(Available data begins)

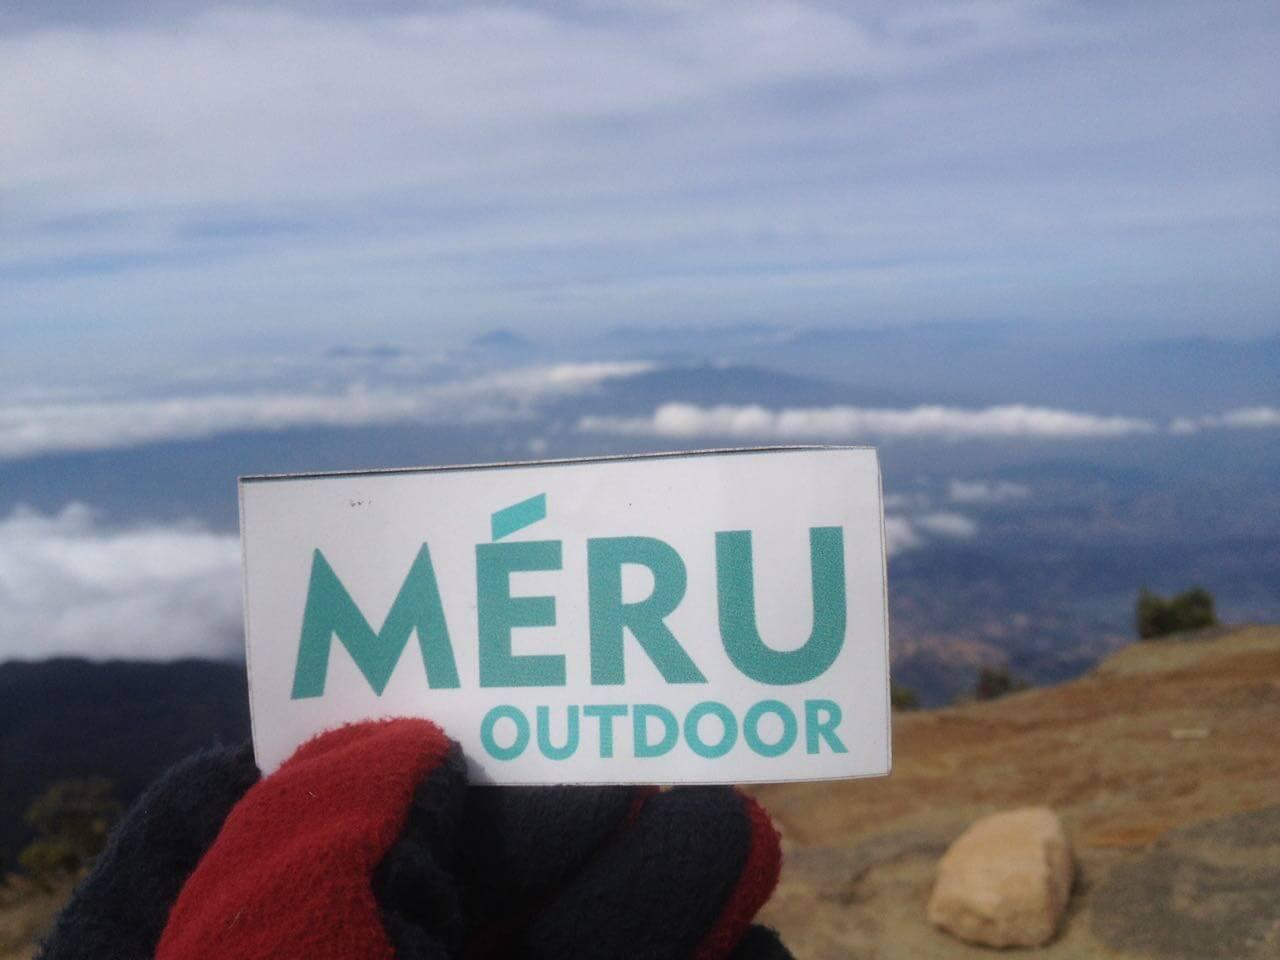 MERU Outdoor Cirebon di Puncak Gunung Ciremai 3078 mdpl (Foto oleh : @afvendiant)
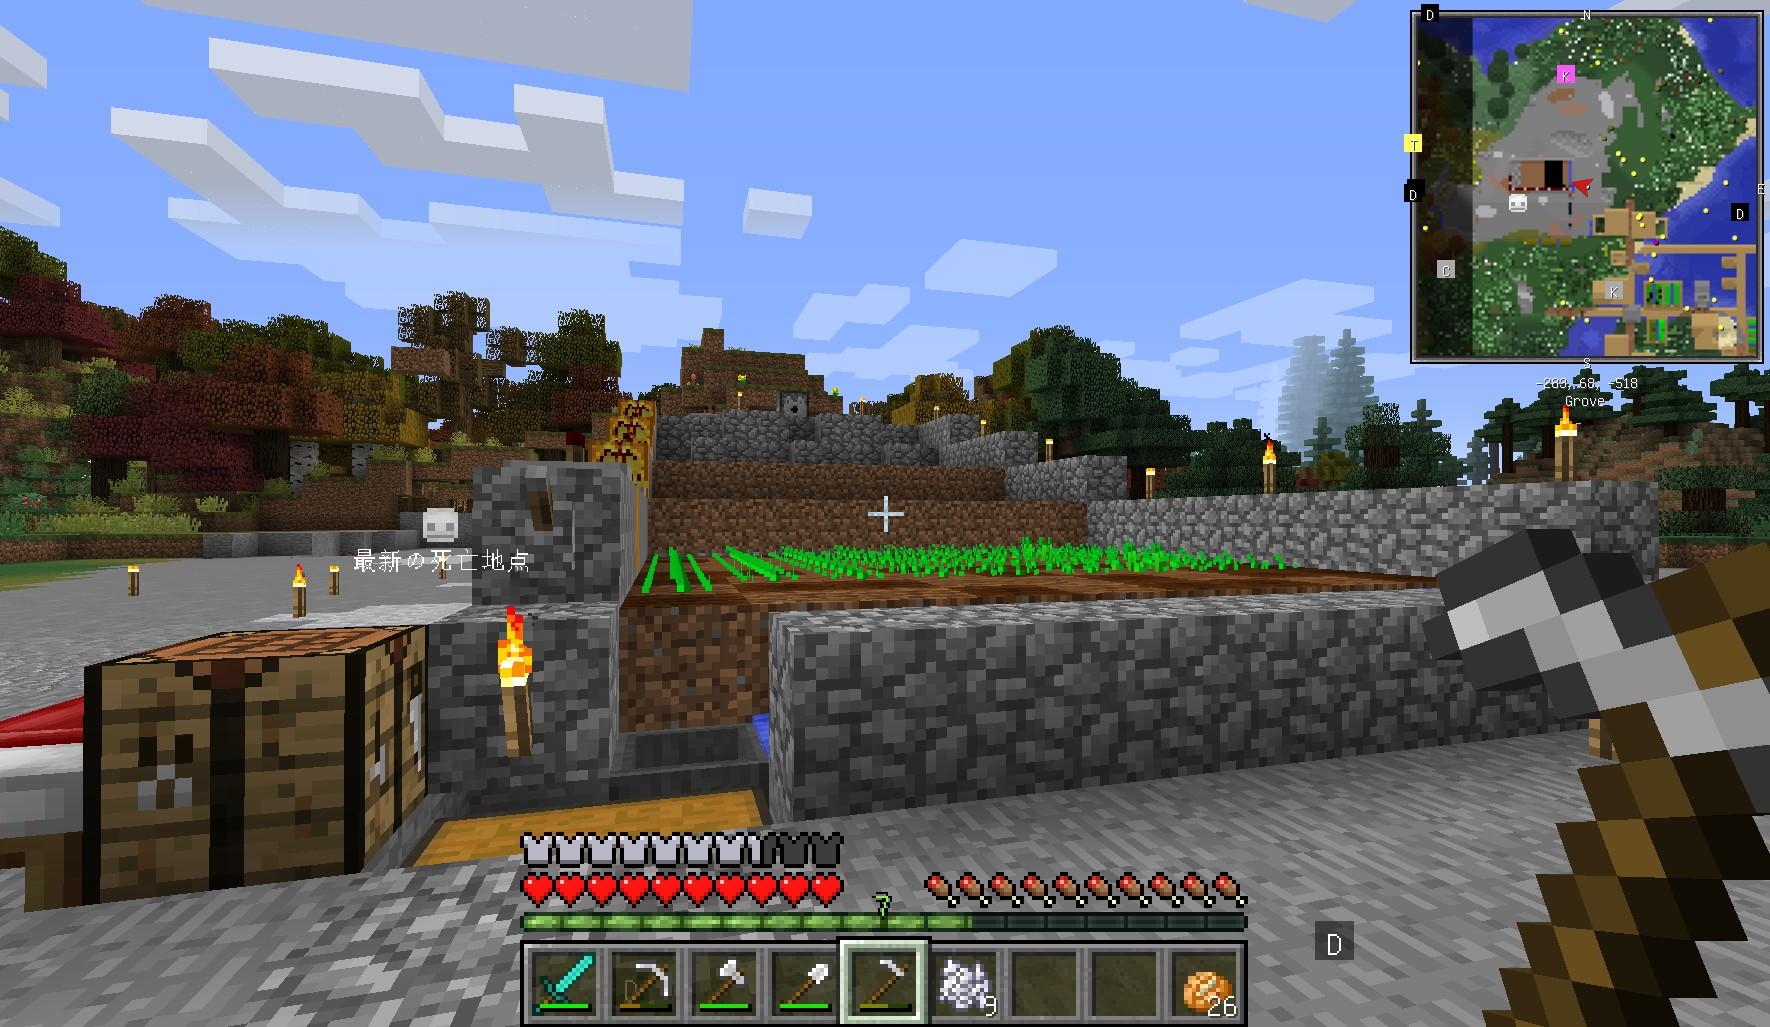 minecraft_058.jpg
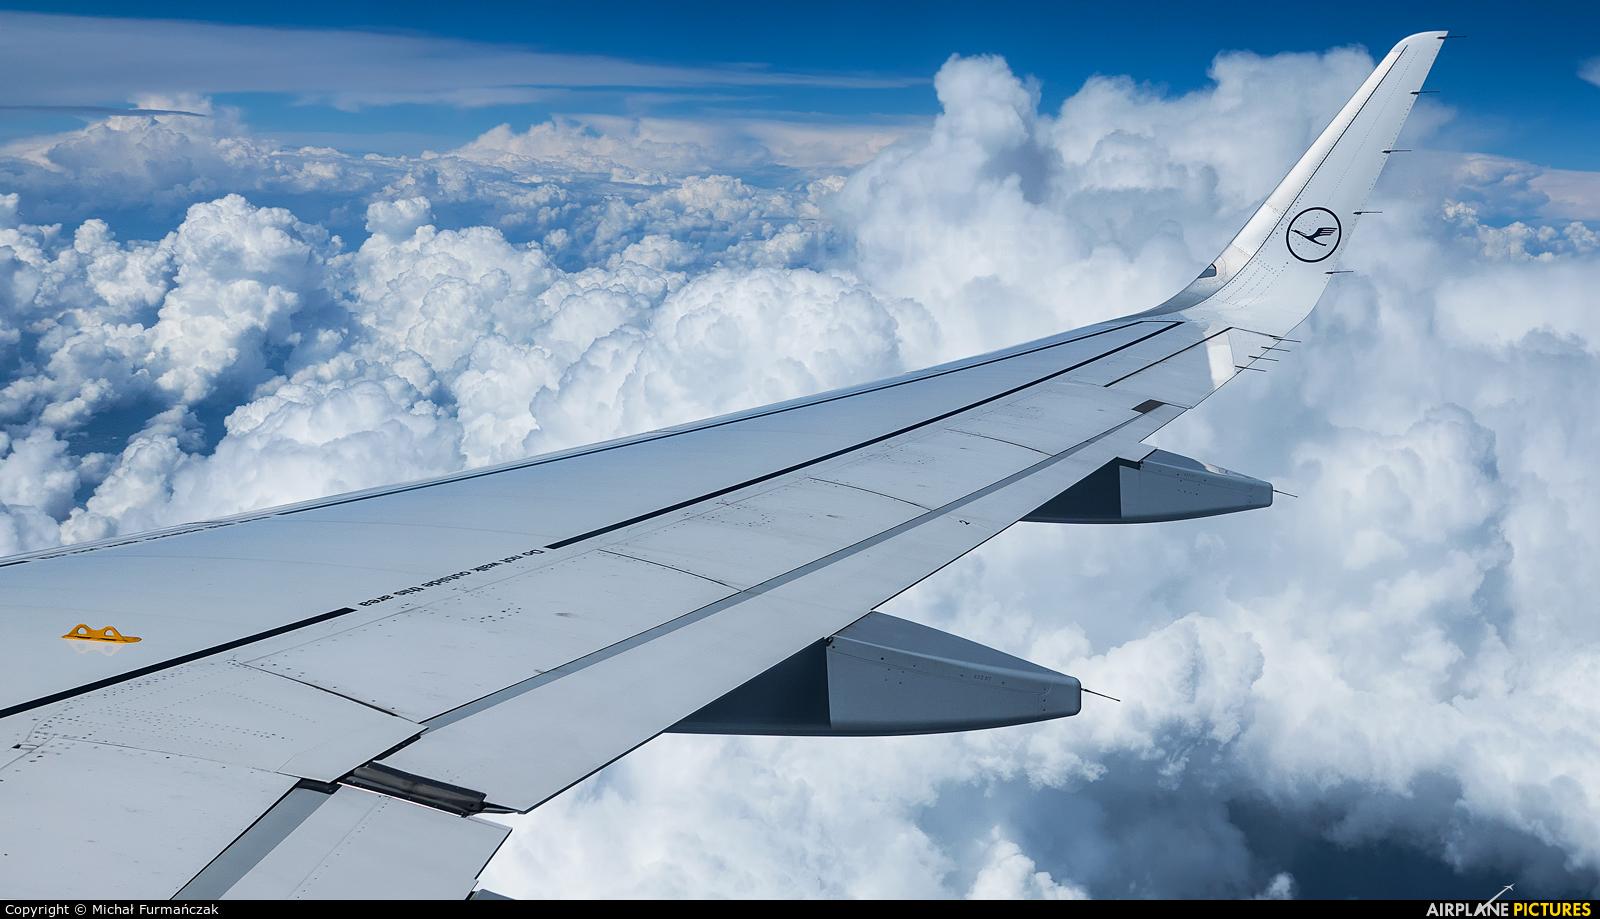 Lufthansa D-AIUH aircraft at In Flight - International
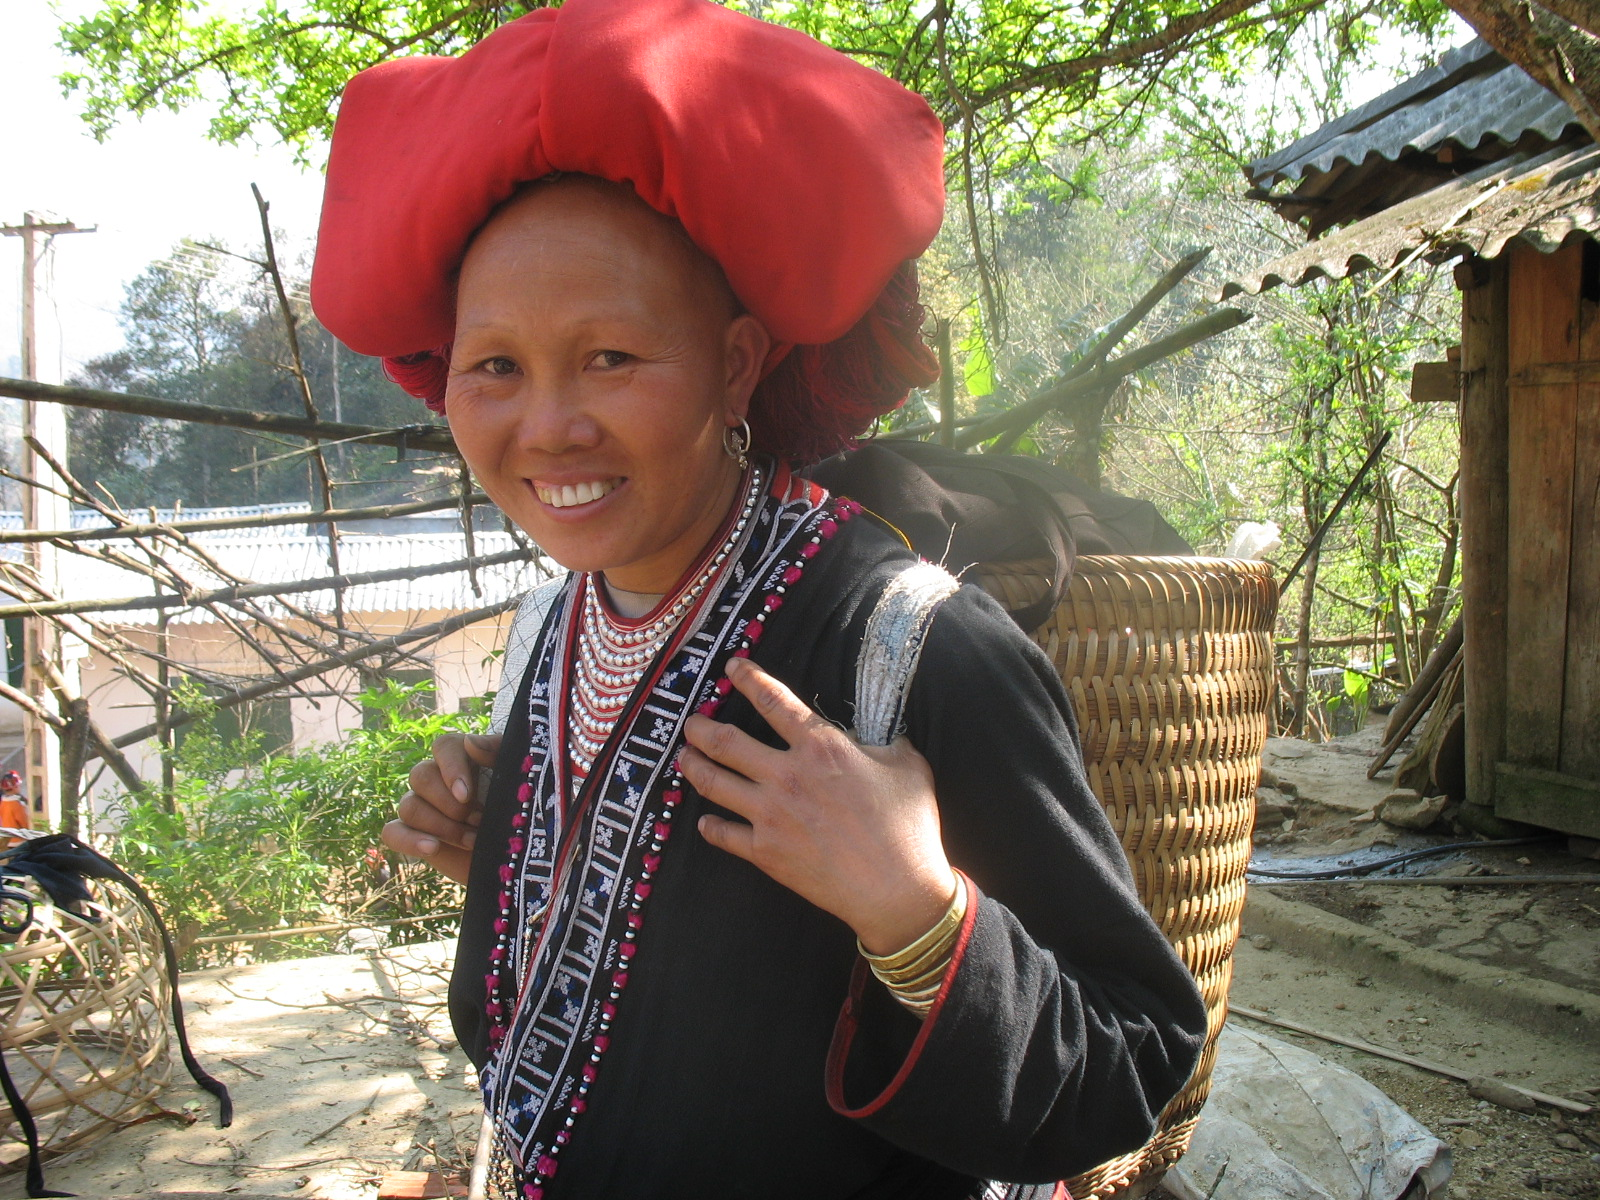 Voyage nord Vietnam hors es sentiers battus Lolo noir

(Available data ends)

Pictures aside, please output the whole listing exactly as it appears above.

 MERU Outdoor Cirebon di Puncak Gunung Ciremai 3078 mdpl (Foto oleh : @afvendiant)
 minecraft_058.jpg
 Lufthansa D-AIUH aircraft at In Flight - International
 Voyage nord Vietnam hors es sentiers battus Lolo noir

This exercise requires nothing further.